> _TASK DIRECTIONS_:
So that the copy stays text only, transcribe the data below exactly and exclude the images.

> _DATASET EXTRACT_:
◆ ◆ ◆

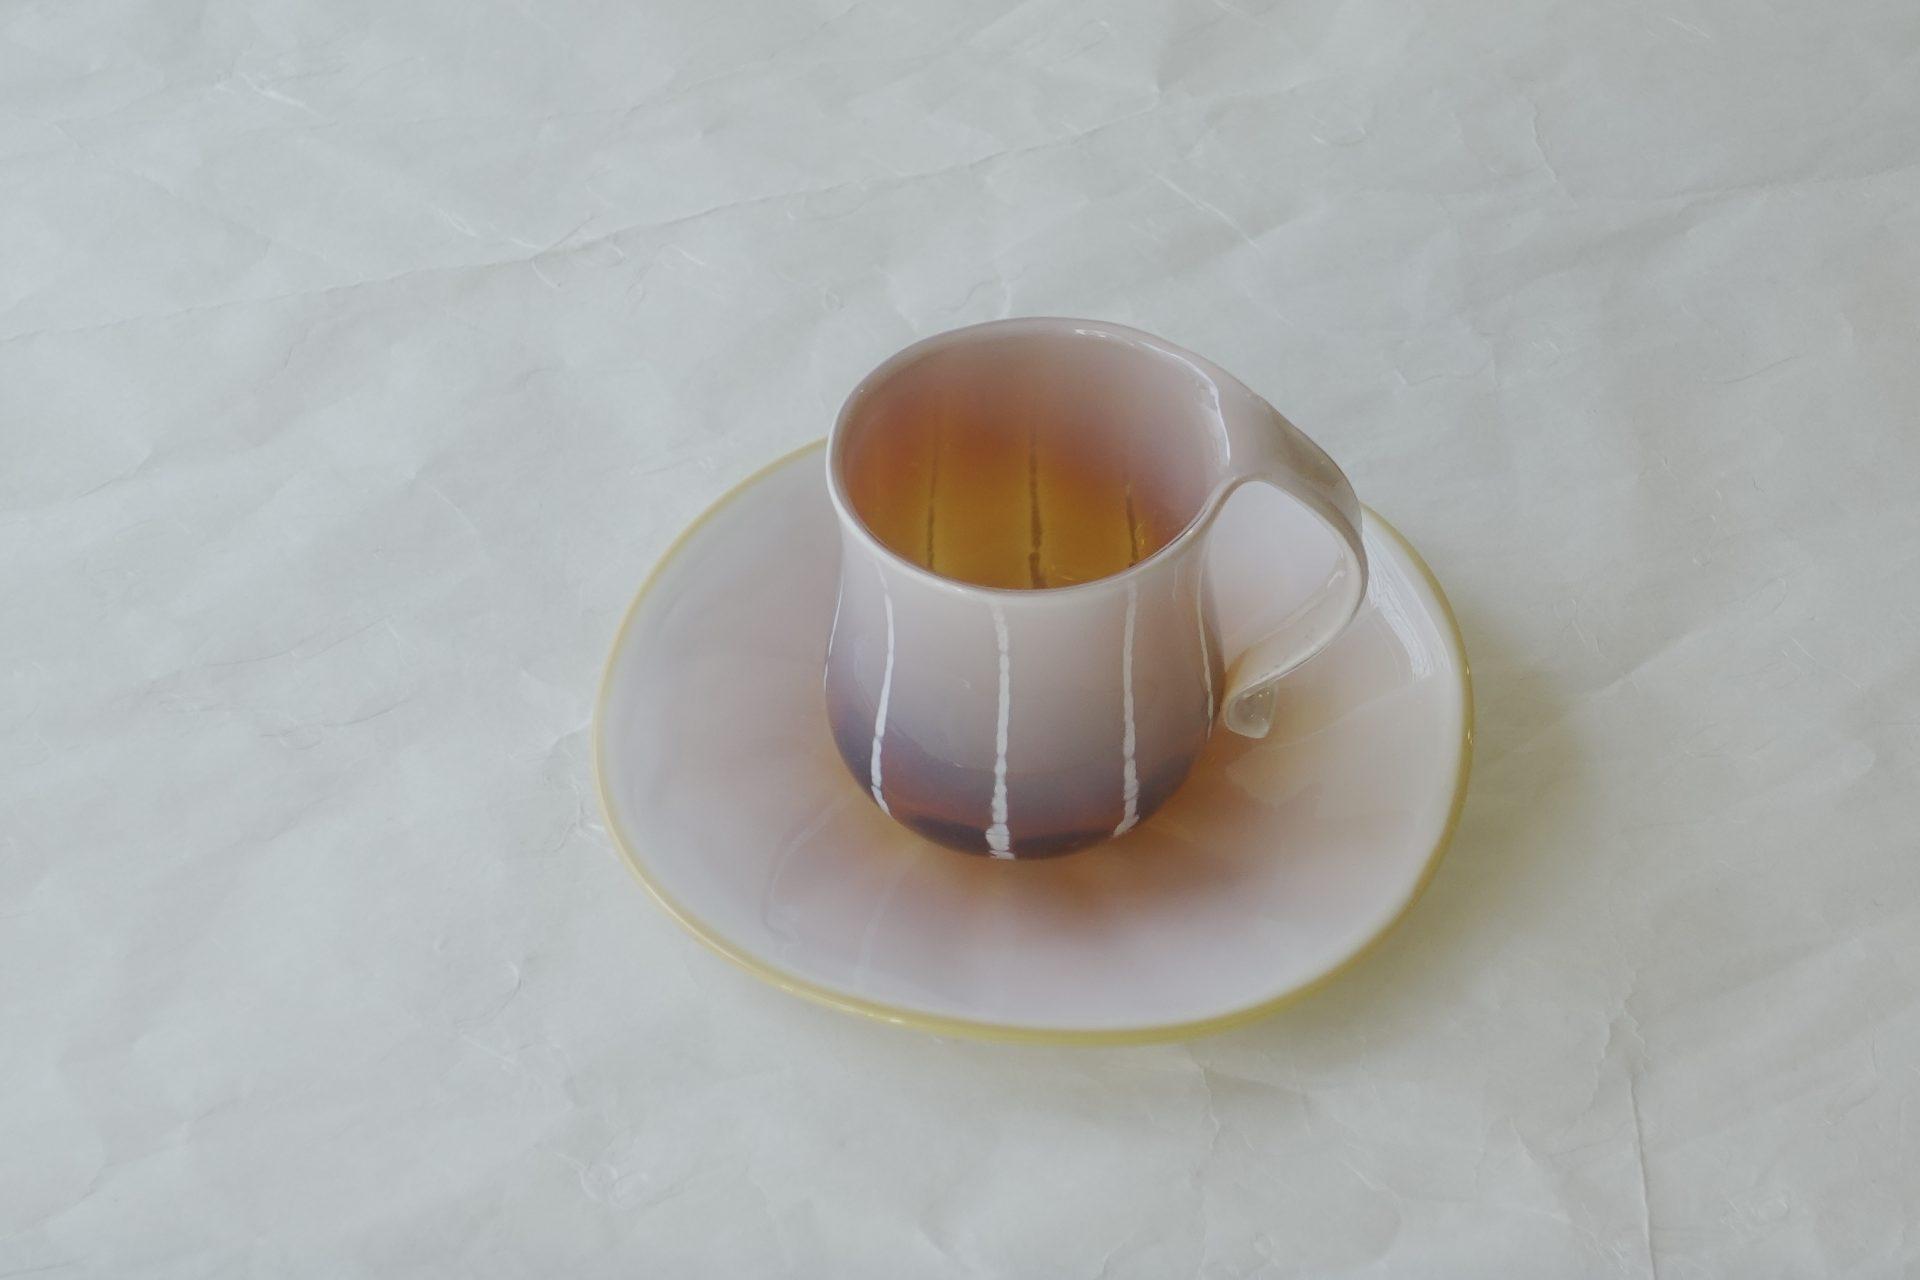 ガラス製品 日本製 手づくり 耐熱ガラス 職人の技術 美しい色彩 高度な技術 クリーム アンバー 芸術 硬い 欠けにくい
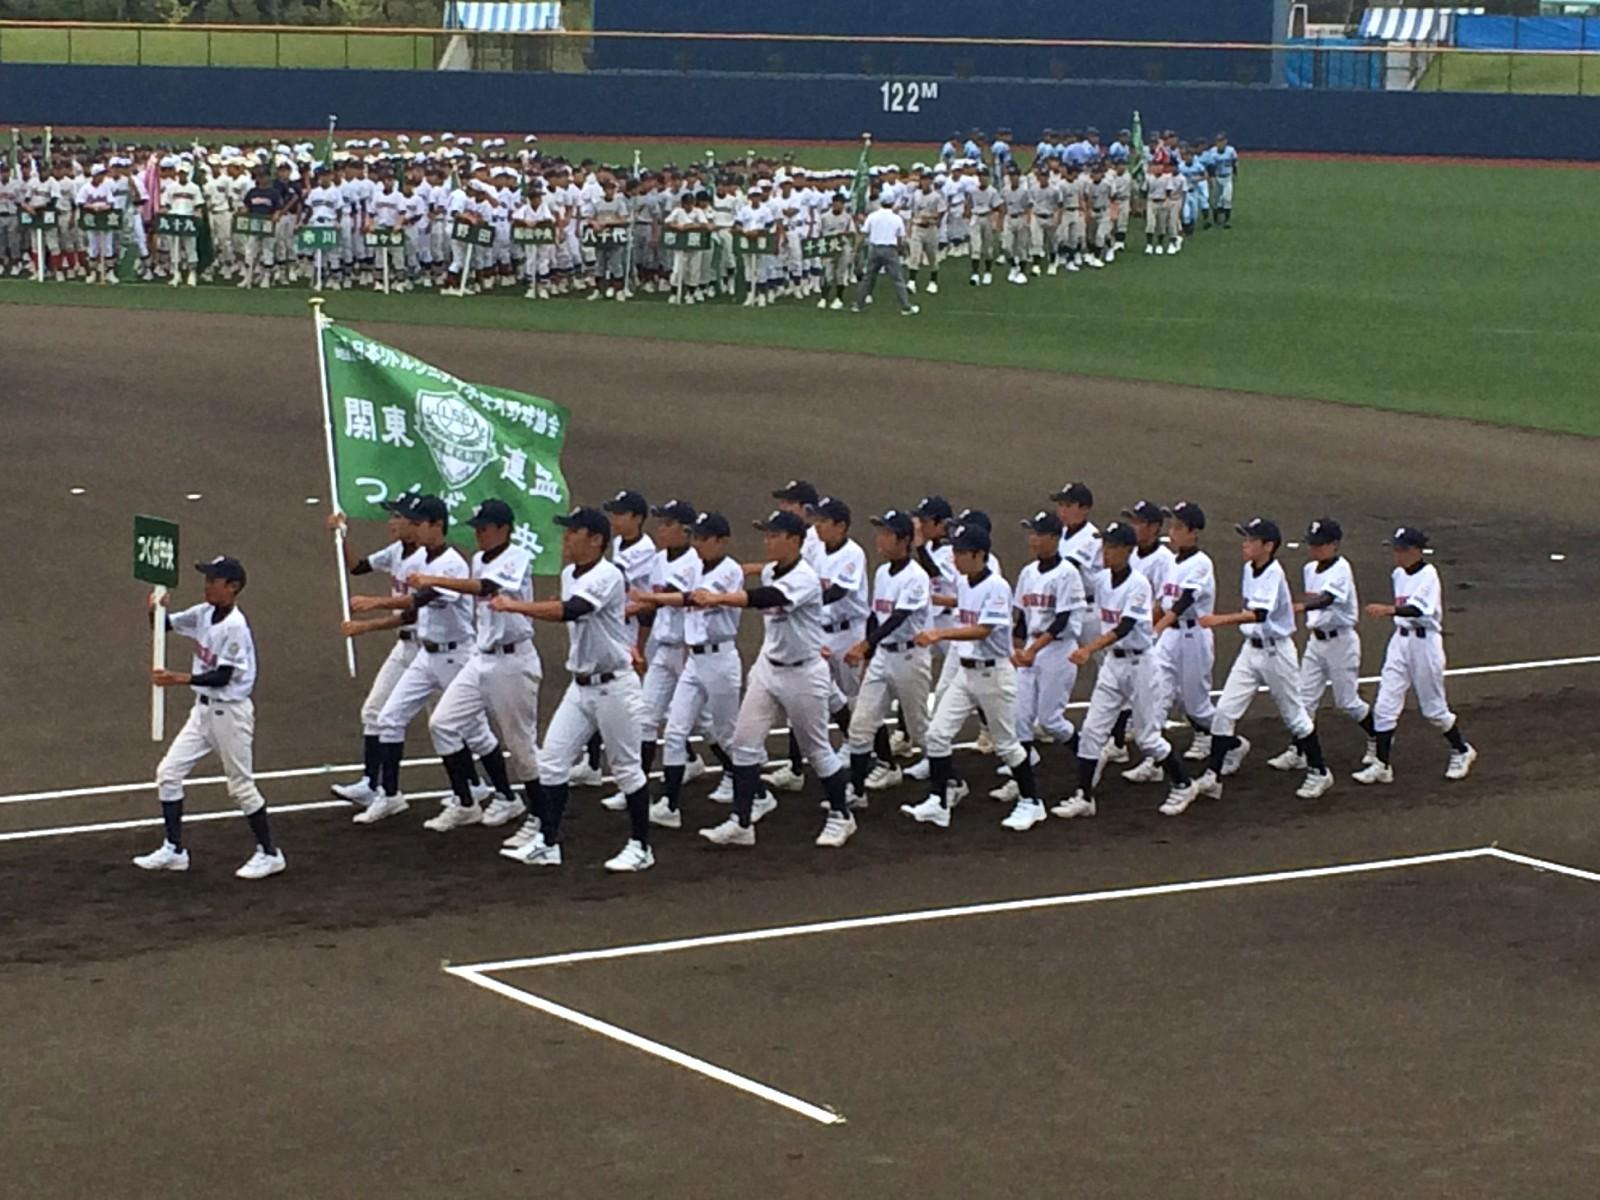 2014.08.17 2014メイコウカップ東関東支部秋季大会 開会式 行進
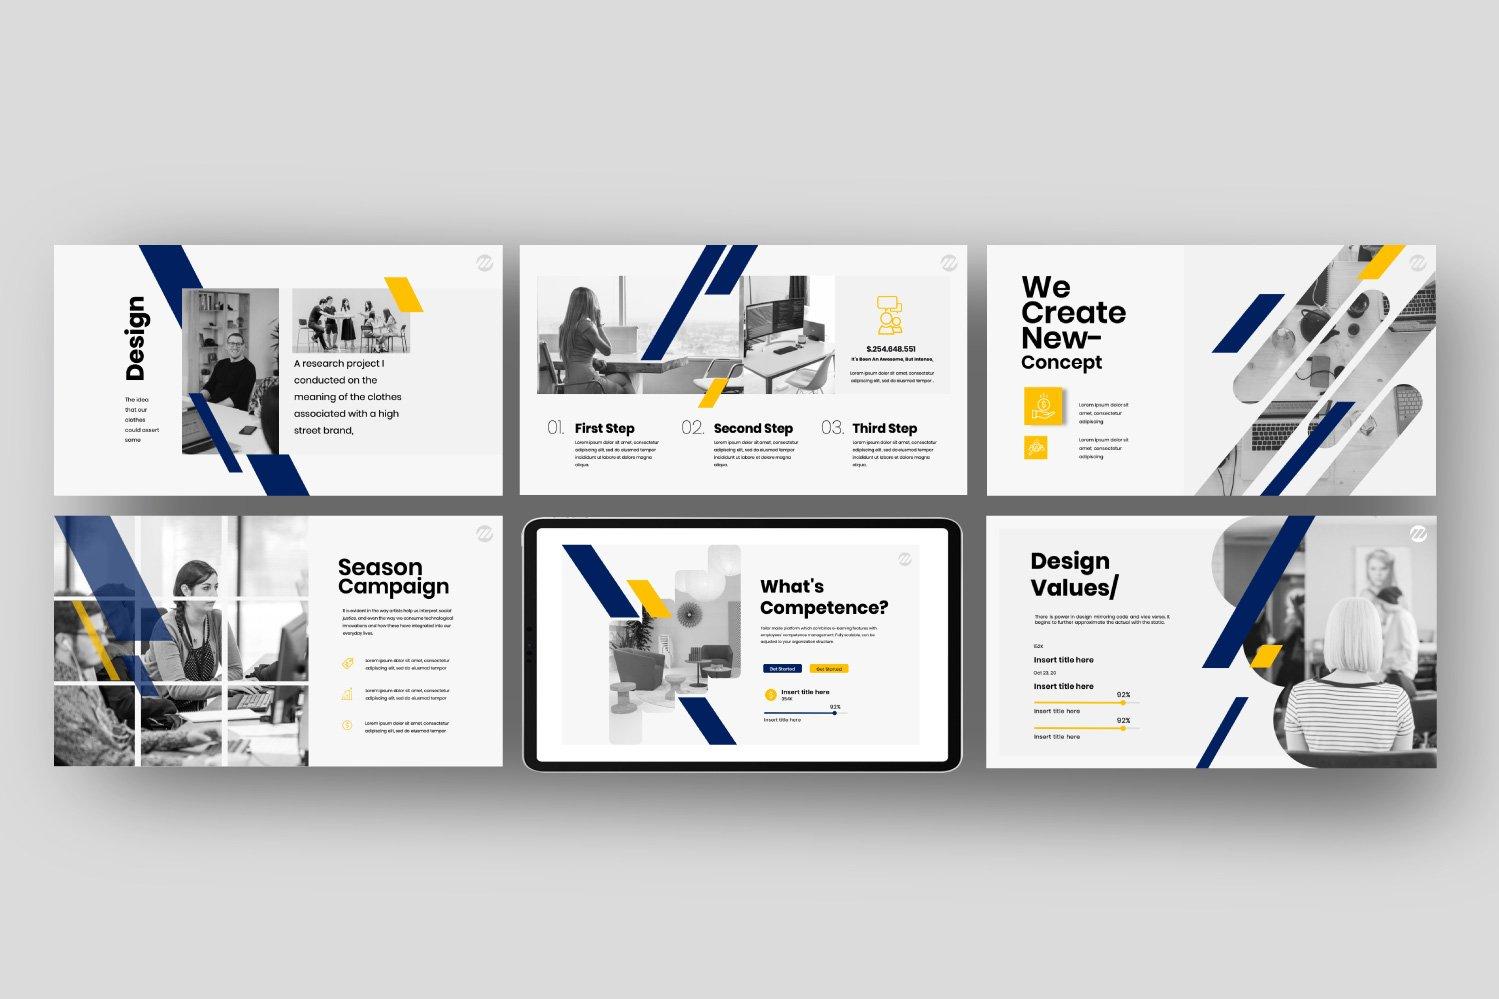 简约商务策划案图文排版演示文稿设计模板 Marvet – Business Powerpoint插图(6)

◆ ◆ ◆

> _EXERCISE SOLUTION_:
 ガラス製品 日本製 手づくり 耐熱ガラス 職人の技術 美しい色彩 高度な技術 クリーム アンバー 芸術 硬い 欠けにくい
 2014.08.17 2014メイコウカップ東関東支部秋季大会 開会式 行進
 简约商务策划案图文排版演示文稿设计模板 Marvet – Business Powerpoint插图(6)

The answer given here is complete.